Fearing his right calf muscle had been ripped from the bone, Mr Saunders jumped out of the way of another bite and made his way to shore.
‘‘It didn’t feel like a bite,’’ Mr Saunders told the Newcastle Herald on Monday from his bed at John Hunter Hospital.
‘‘It felt like I got hit by 240volts, an electric charge.
‘‘Then after a second I thought ‘I know what this is’.
‘‘I felt something on my other leg too and I thought he was taking a second bite but he wasn’t, he had both my legs in the one bite.’’
Mr Saunders said he was helping another crew of commercial fishermen, who had snared about 17 tonne of mullet in their nets off Crowdy Head about 3.30pm on Sunday, when they noticed three grey nurse sharks stuck in the nets.
‘‘A nice patch of fish was coming along and the boys had just shot them in, and as we were getting the net closer and closer to the shore we noticed a couple of grey nurses stuck in there,’’ Mr Saunders said.
‘‘When that happens you’ve got to stop operation and get them out, because if they die then each member of the crew gets fined $1000.

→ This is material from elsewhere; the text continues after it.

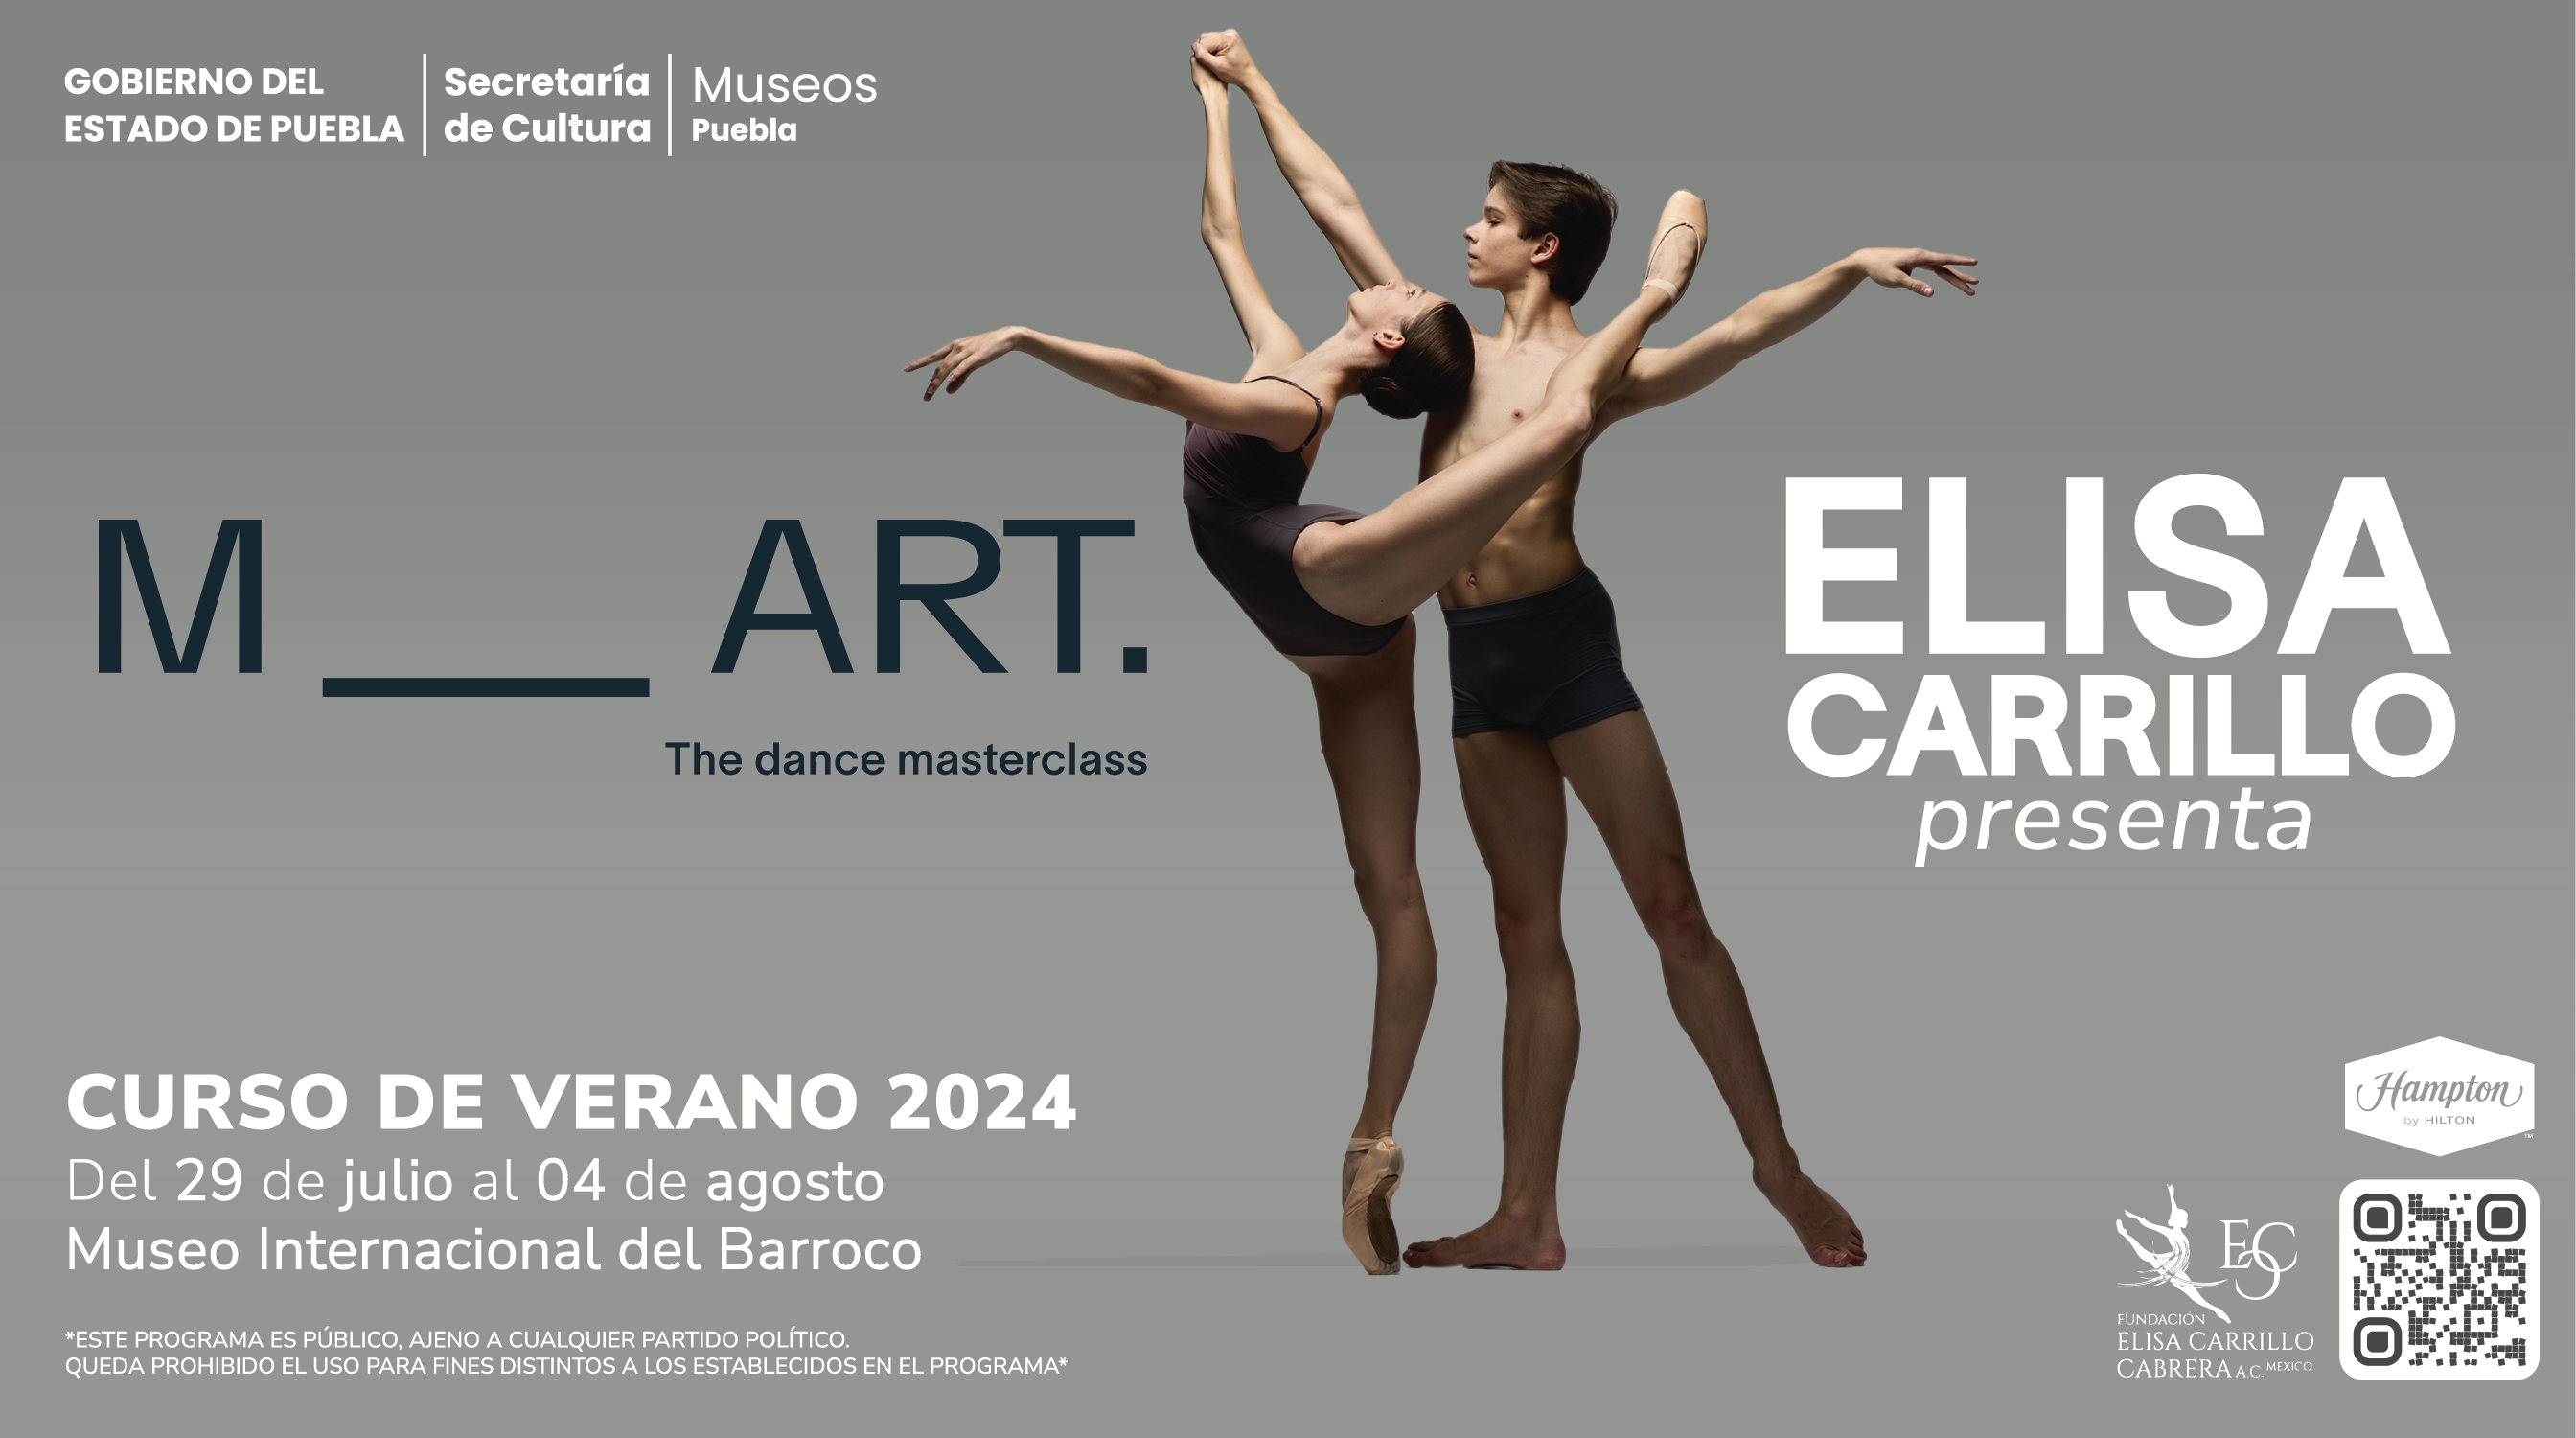 El Barroco será sede de Curso de Verano de Ballet Internacional

‘‘I dragged one of them to deep water so [he or she] could swim off. And once that one was out of the road and everything was clear, I went back to the back of the net where another mate was to give him a hand so the rest of the fish could get through.
‘‘And a shark just came from nowhere and latched on.
‘‘Once the adrenalin had worn off I was in excruciating pain.’’
He said he was sure there were four sharks in the area at the time of the attack – three caught in the nets and a fourth which appeared suddenly and bit him.
Mr Saunders, who has 35 years’ experience in the fishing industry and comes from a family of anglers, said he had always felt comfortable around grey nurses, which are known for being docile and offering no threat to humans.
‘‘You occasionally get sharks stuck in the nets – usually if you do a shot just on dark you might get one or two in the early hours,’’ he said.
‘‘Normally you drag them out, let them go and they take off. But this was the middle of the day and there were a number of them and they were acting pretty aggressive – it was really unusual.
‘‘Crowdy Head Bay has always been a safe beach, we’ve never had any dramas up there. But over the past few years we’ve seen a real increase in the number of sharks, even great whites, around the area.
‘‘We were only talking about it last year. With the amount of sharks we’ve spotted, [an attack] was on the cards.’’
Mr Saunders underwent surgery to remove a piece of the broken shark tooth from his leg on Sunday.
‘‘Any sceptics out there that say it wasn’t a grey nurse shark, we’ve got the tooth to prove it,’’ he said.